Вывод о том, что исход войны, который определился после победы в Сталинграде, не означал победу свободы над рабством, звучит по меньшей мере странно. Как будто возможна личная свобода человека в порабощенной нацизмом стране, как будто победа над врагом сама по себе не означала прорыва к свободе. Посмотрим, каким образом подводит Гроссман своего читателя к такому пониманию происшедшего, описывая судьбы участников жестокой битвы.

Выстраивая сюжет, часто без оглядки на реальные события, автор, что характерно для многих страниц романа, использует описанные им ситуации для иллюстрации вполне определенных положений, декларируемых в публицистических отступлениях. Особое внимание обращается на деятельность командира корпуса полковника Новикова, определившую боевые успехи войск, которыми он командовал, на разногласия в среде командования корпусом, что характеризовало по Гроссману суть и атмосферу взаимоотношений в руководящем составе воюющей Красной Армии.

Если реальному командиру 13-го механизированного корпуса полковнику Т.И.Танасчишину «повезло» и он предстал перед читателем полковником Новиковым, который может служить примером образцового командира Красной Армии, то начальник штаба корпуса полковник В.И.Жданов, заслуженный и грамотный боевой командир, который принял после гибели Танасчишина командование соединением, Герой Советского Союза, стал генерал-майором Неудобновым.

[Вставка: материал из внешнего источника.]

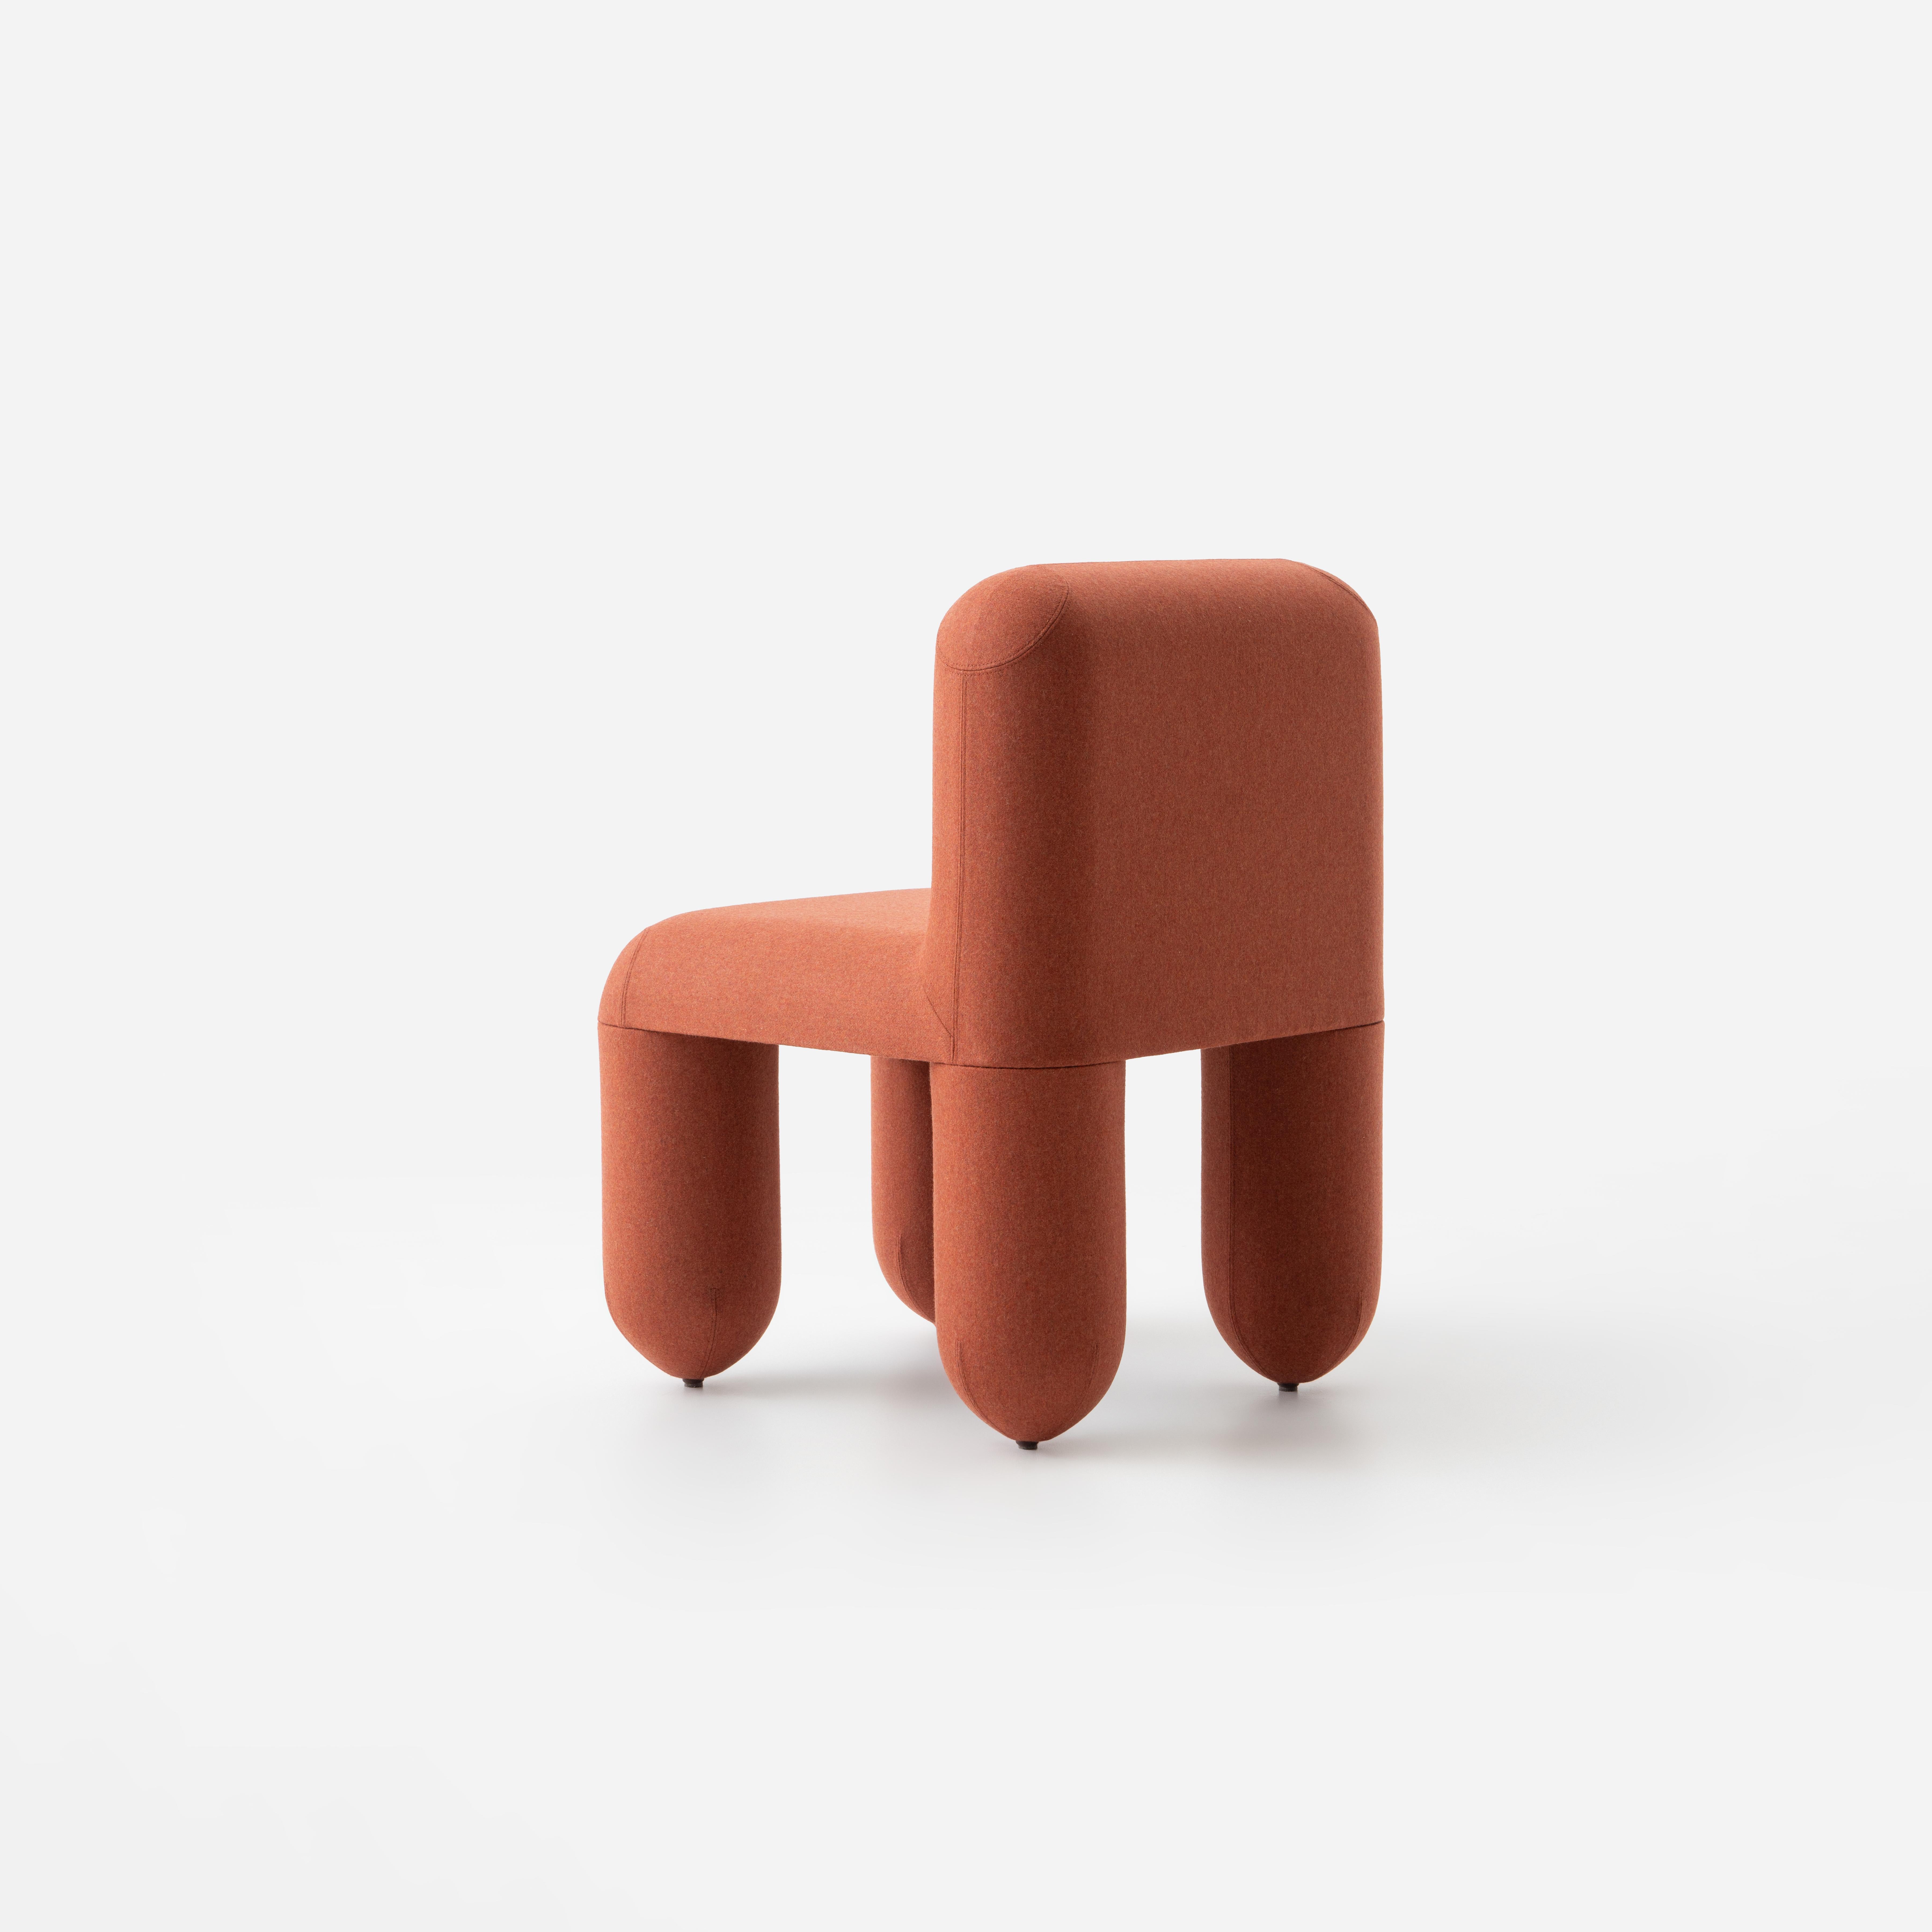 Metal Contemporary Dining Chair 'Hello' by Denys Sokolov x Noom, Orange For Sale

Неудобнов исправно служил в НКВД, отличился в годы массовых репрессий как следователь-костолом, причем подозрительность и вечный поиск скрытых врагов сделал одной из главных направлений своей практической деятельности и на посту начальника штаба корпуса. Оно и понятно, никогда в армии ни на командных, ни на штабных должностях Неудобнов не служил и только этим, вызывая страх в подчиненных и сослуживцах, мог продемонстрировать свою значимость. Перед войной он был послан на загранработу, аттестован как генерал-майор и в 1942 г. получил должность в корпусе Новикова. О каком профессионализме и опыте оперативной работы на уровне крупного подвижного соединения в данном случае можно говорить? Неужели автор знал примеры подобных кадровых назначений в танковых и механизированных корпусах, которые к концу 1942 г. комплектовались руководящим составом, успевшим приобрести боевой опыт и показавшим свое умение этот опыт реализовать?

Не уступал Неудобнову в этом отношении и военком корпуса Гетманов, партийный работник, секретарь обкома одной из областей Украины, впервые надевший военную форму. Службы он совершенно не знал и свою значимость, как и Неудобнов, мог поэтому утвердить примерно такими же методами. Тем более, практика политических расправ ему была хорошо знакома еще по партийной работе, а человеческая порядочность чужда в равной степени.

Гетманов совершенно не походил на реального политического руководителя 13-го механизированного корпуса полкового комиссара А.А.Бичерова. Кадровый политработник, Бичеров с первого дня войны находился в действующей армии в качестве зам. начальника отдела политпропаганды 15-го механизированного корпуса, с боями выходил из окружения, командовал людьми в экстремальных условиях и некоторое время считался даже пропавшим без вести. С мая 1942 г. по январь 1943 г. Бичеров занимал должность комиссара (зам. командира по политической части) 13-го танкового (механизированного) корпуса. Интригами, направленными против своего командира не занимался, хорошо знал боевую службу в бронетанковых войсках и специфику их боевого использования.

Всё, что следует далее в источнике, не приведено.